Roumata ôta son gant et en frappa à toute volée son cheval entre les oreilles.

« Avance, vieille rosse ! » dit-il en russe.

Il était minuit quand il entra dans la forêt.

Personne ne pouvait dire exactement d’où venait cet étrange nom : forêt du Hoquet. Selon les dires officiels, il y a trois cents ans, les troupes de Totz, maréchal d’Empire puis premier roi d’Arkanar, en poursuivant des hordes en retraite de Peaux-Cuivrées, s’étaient frayé un passage à travers la saïva, et au cours d’un bivouac, avaient tiré de l’écorce d’arbres blancs une sorte de bière dont l’un des effets avait été un hoquet incoercible. L’histoire disait que le maréchal Totz, inspectant un matin le campement, avait dit en fronçant son nez aristocratique : « En vérité, cela est insupportable ! Tout le bois hoquette et empeste la cervoise ! » De là serait venu ce nom insolite.

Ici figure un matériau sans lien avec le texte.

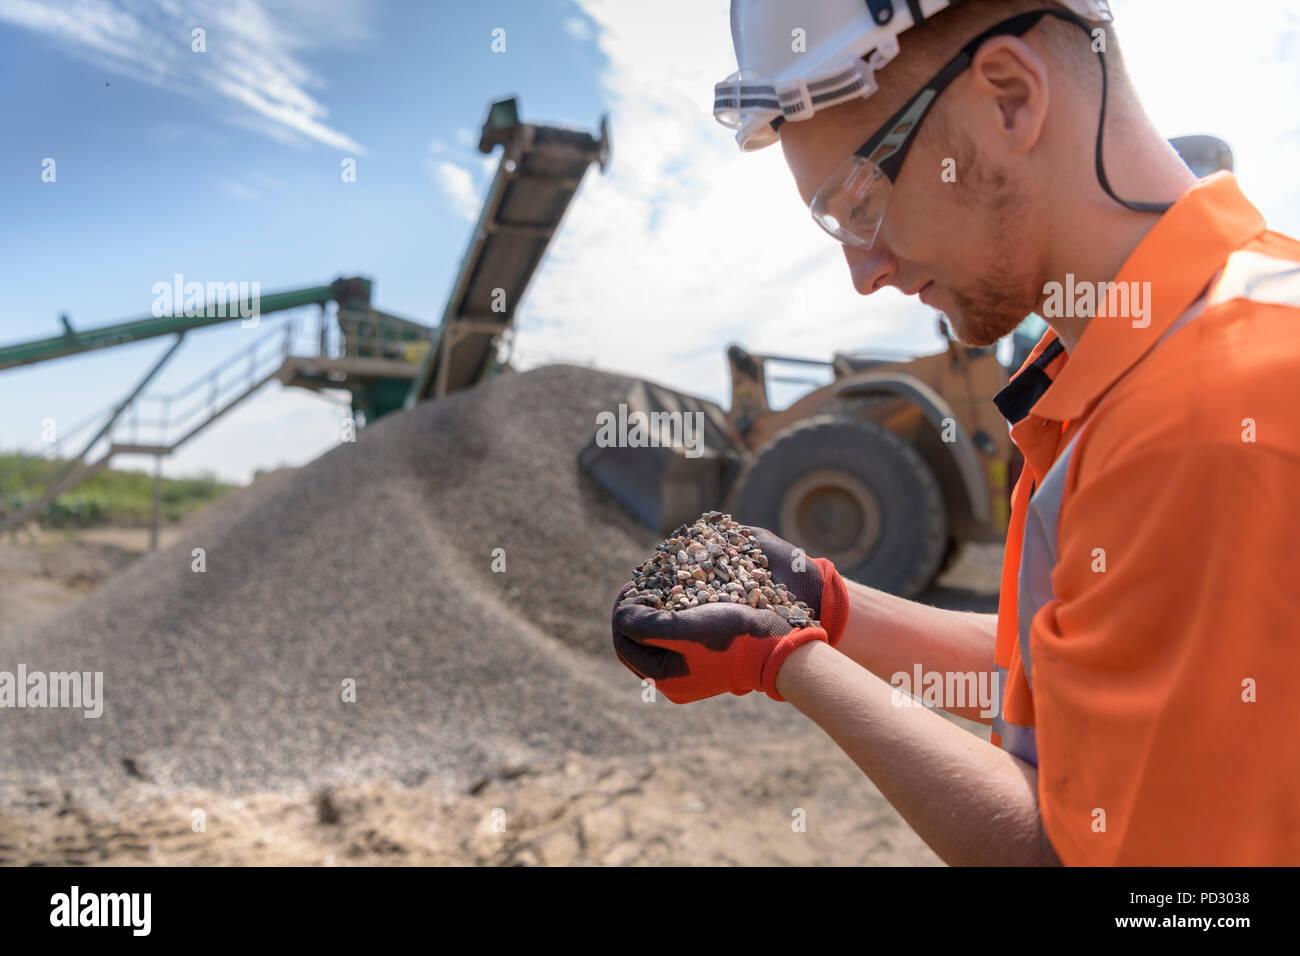 Controllo lavoratore manciata di calcestruzzo schermato in calcestruzzo sito di riciclaggio Immagini Stock

De toute façon, ce n’était pas une forêt tout à fait ordinaire. Il y poussait d’énormes arbres aux rigides troncs blancs qu’on ne trouvait nulle part ailleurs dans l’Empire, ni dans le duché d’Iroukan, ni, à plus forte raison, dans la république marchande de Soan, dont les forêts étaient depuis longtemps changées en coques de navire. On disait qu’au pays des Barbares, derrière la chaîne du Nord Rouge, il y en avait beaucoup, mais que ne disait-on pas du pays des Barbares…

La forêt était traversée par une route tracée deux siècles auparavant, qui menait à des mines d’argent et était fieffée aux barons Pampa, descendants d’un compagnon d’armes du maréchal Totz. Ce fief des Pampa coûtait au roi d’Arkanar deux quintaux d’argent pur par an. Aussi, dès qu’un nouveau souverain montait sur le trône, son premier soin était-il de lever une armée et d’attaquer le château de Baou où nichaient les barons. Ses murs étaient solides, les barons valeureux : chaque campagne revenait à presque une demi-tonne d’argent, et au retour de leur armée défaite, les rois d’Arkanar confirmaient de nouveau les barons Pampa dans leur droit, en assortissant celui-ci d’autres privilèges tels que : se curer le nez à la table royale, chasser à l’ouest d’Arkanar, appeler les princes par leur prénom sans adjonction de leurs titres et dignités.

Le bois du Hoquet était plein de sombres mystères. Le jour, des charrois de minerai enrichi encombraient la route du Sud qui, autrement, était déserte, car bien peu étaient assez hardis pour s’y aventurer à la lumière des étoiles. On disait que, la nuit, on y entendait le cri de l’oiseau Sihou, perché sur l’Arbre-Père. Cet oiseau, personne ne l’avait vu ni ne pouvait le voir, car il était magique. On disait que de grandes araignées velues sautaient des branches sur le cou des chevaux pour leur mordre les veines et se gorger de sang. On racontait aussi que la forêt était le refuge d’une énorme bête, très vieille, appelée Pekh, qui était couverte d’écailles, mettait bas tous les douze ans et traînait douze queues suintantes de venin. Certains avaient vu le sanglier Y, maudit par saint Mika, traverser en plein jour la route, nu et murmurant des plaintes. C’était un animal effroyable, invulnérable au fer, mais que l’os transperçait facilement.